Complex & Intelligent Systems ( IF 5.0 ) Pub Date : 2024-11-14 , DOI: 10.1007/s40747-024-01667-x Zheng Liu, Wei Xiong, Zhuoya Jia, Chi Han
This paper investigates the agile optical satellite scheduling problem, which aims to arrange an observation sequence and observation actions for observation tasks. Existing research mainly aims to maximize the number of completed tasks or the total priorities of the completed tasks but ignores the influence of the observation actions on the imaging quality. Besides, the conventional exact methods and heuristic methods can hardly obtain a high-quality solution in a short time due to the complicated constraints and considerable solution space of this problem.
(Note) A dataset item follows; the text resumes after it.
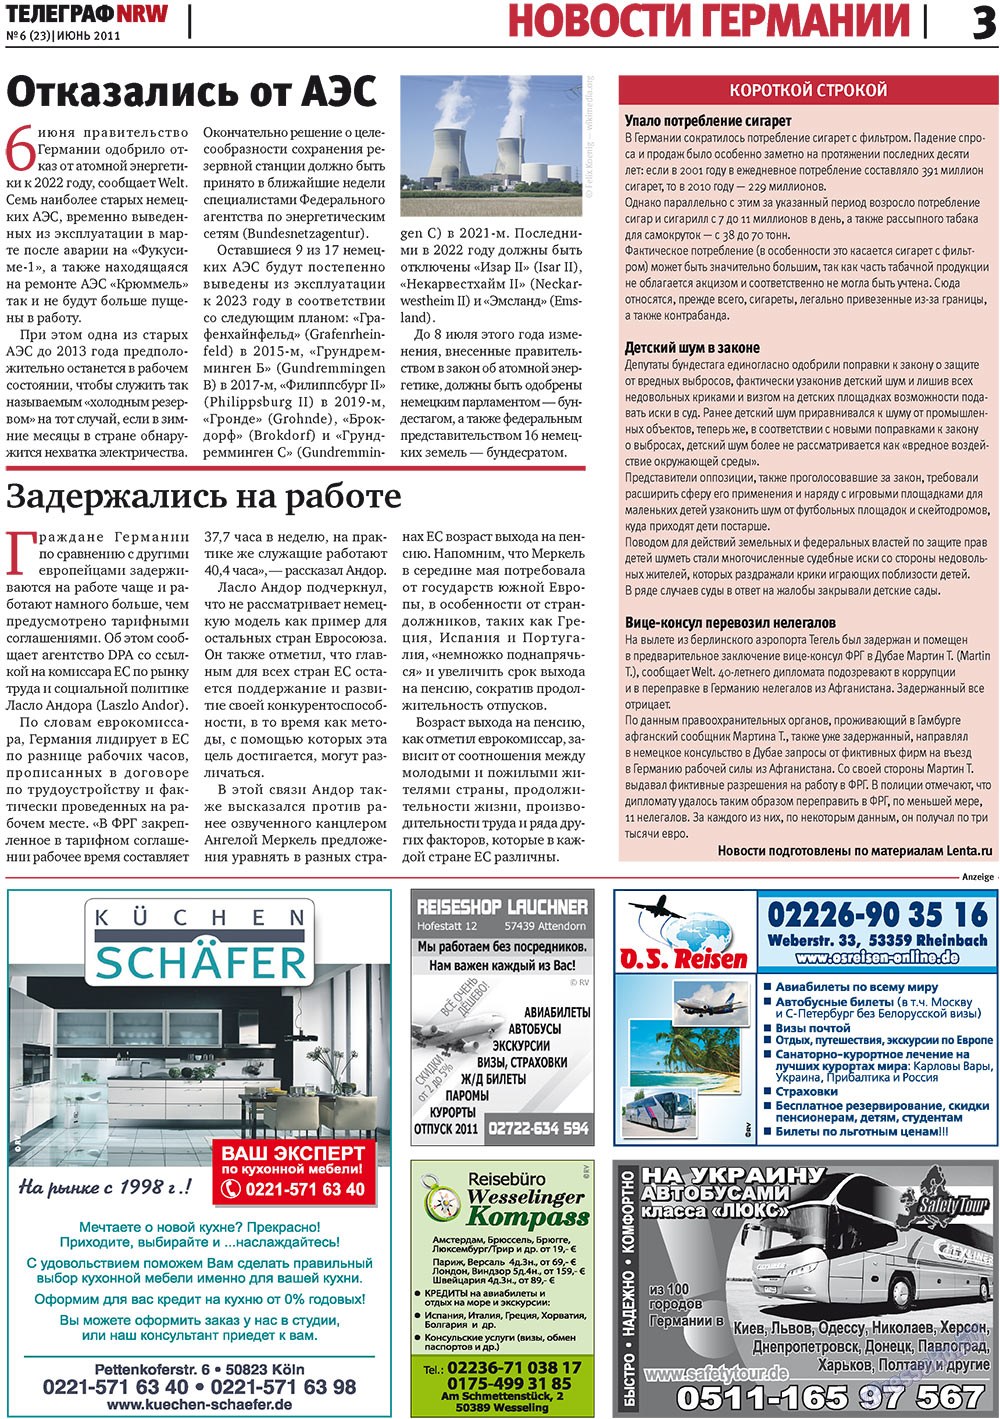 Телеграф NRW (газета). 2011 год, номер 6, стр. 3
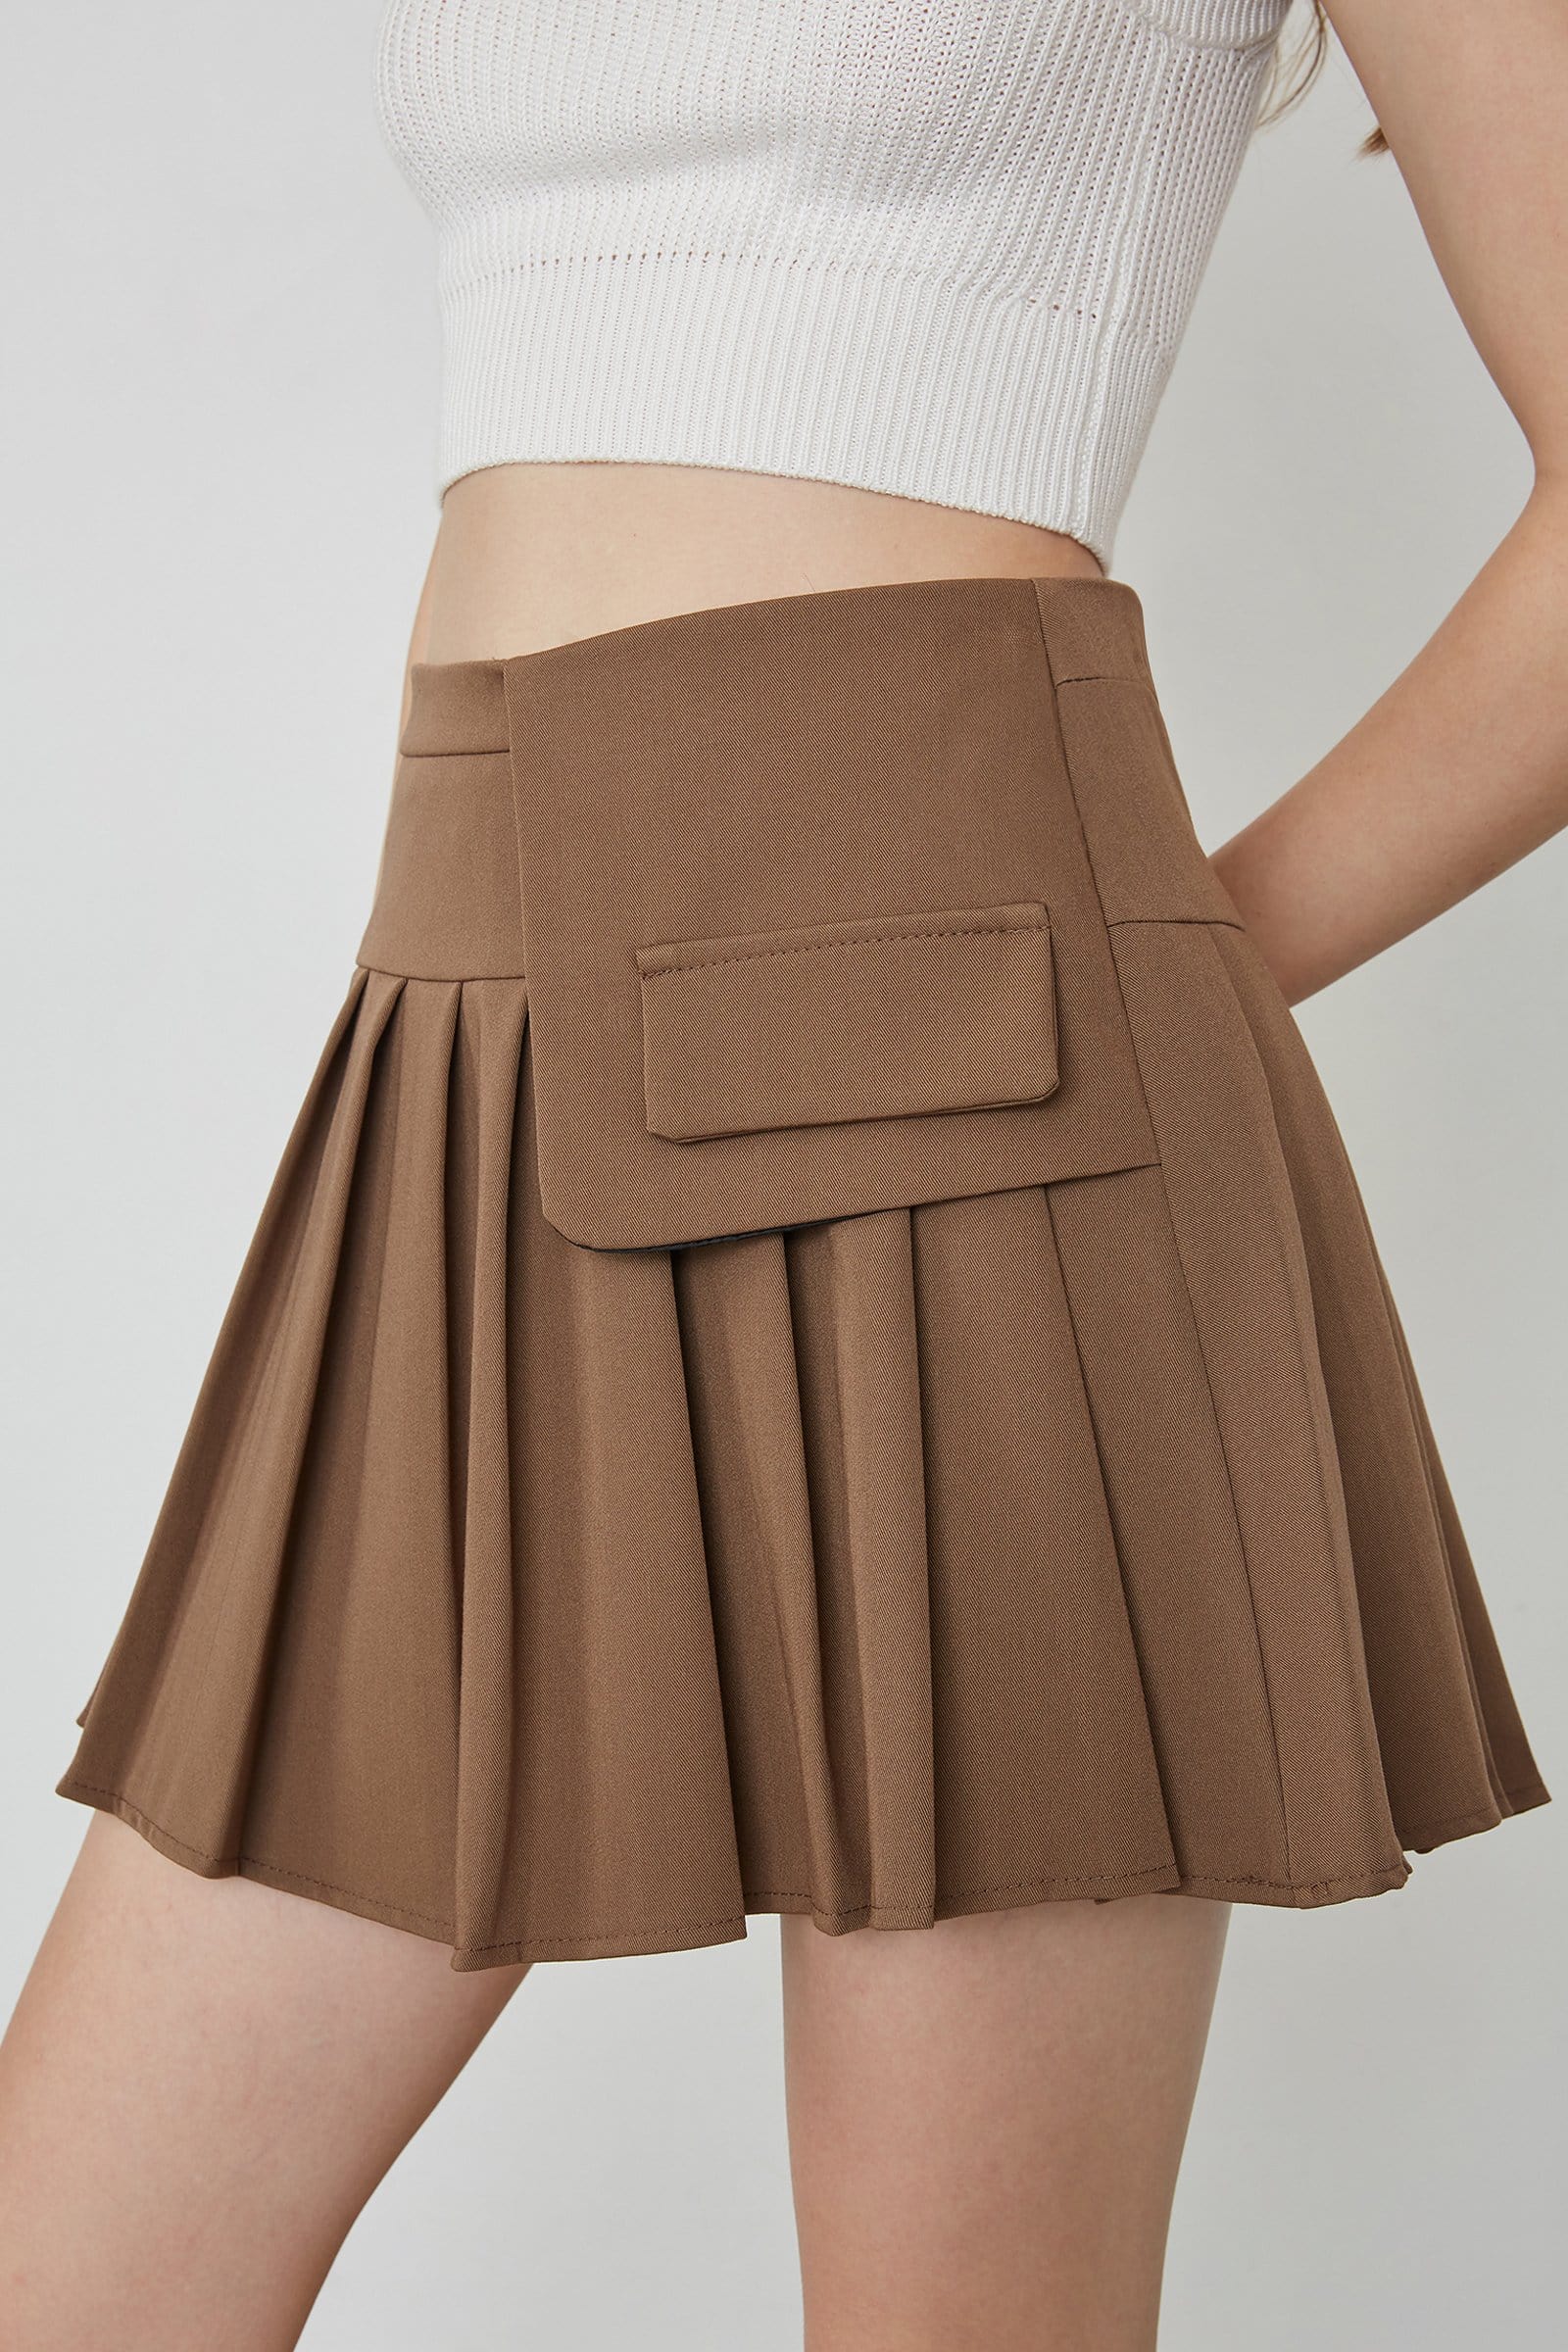 pleated mini skirt tan

Thus, this paper proposes a two-stage scheduling framework with two-stage deep reinforcement learning to address this problem. First, the scheduling process is decomposed into a task sequencing stage and an observation scheduling stage, and a mathematical model with complex constraints and two-stage optimization objectives is established to describe the problem. Then, a pointer network with a local selection mechanism and a rough pruning mechanism is constructed as the sequencing network to generate an executable task sequence in the task sequencing stage. Next, a decomposition strategy decomposes the executable task sequence into multiple sub-sequences in the observation scheduling stage, and the observation scheduling process of these sub-sequences is modeled as a concatenated Markov decision process. A neural network is designed as the observation scheduling network to determine observation actions for the sequenced tasks, which is well trained by the soft actor-critic algorithm. Finally, extensive experiments show that the proposed method, along with the designed mechanisms and strategy, is superior to comparison algorithms in terms of solution quality, generalization performance, and computation efficiency.
中文翻译:
面向敏捷光学卫星调度问题的两阶段深度强化学习方法
该文研究了敏捷光学卫星调度问题,旨在为观测任务安排观测序列和观测动作。现有研究主要旨在最大化已完成任务的数量或已完成任务的总优先级,而忽略了观测动作对成像质量的影响。此外,由于该问题的约束条件复杂且求解空间较大,传统的精确方法和启发式方法很难在短时间内获得高质量的解。因此,本文提出了一个具有两阶段深度强化学习的两阶段调度框架来解决这个问题。首先,将调度过程分解为任务排序阶段和观察调度阶段,并建立具有复杂约束条件和两阶段优化目标的数学模型来描述问题;然后,构建具有局部选择机制和粗剪机制的指针网络作为排序网络,在任务排序阶段生成可执行的任务序列。接下来,在观测调度阶段,一个分解策略将可执行的任务序列分解为多个子序列,并将这些子序列的观测调度过程建模为级联的马尔可夫决策过程。神经网络被设计为观察调度网络,以确定序列任务的观察动作,该网络由软 Actor-Critic 算法进行了很好的训练。最后,大量实验表明,所提出的方法以及所设计的机制和策略在求解质量、泛化性能和计算效率方面优于比较算法。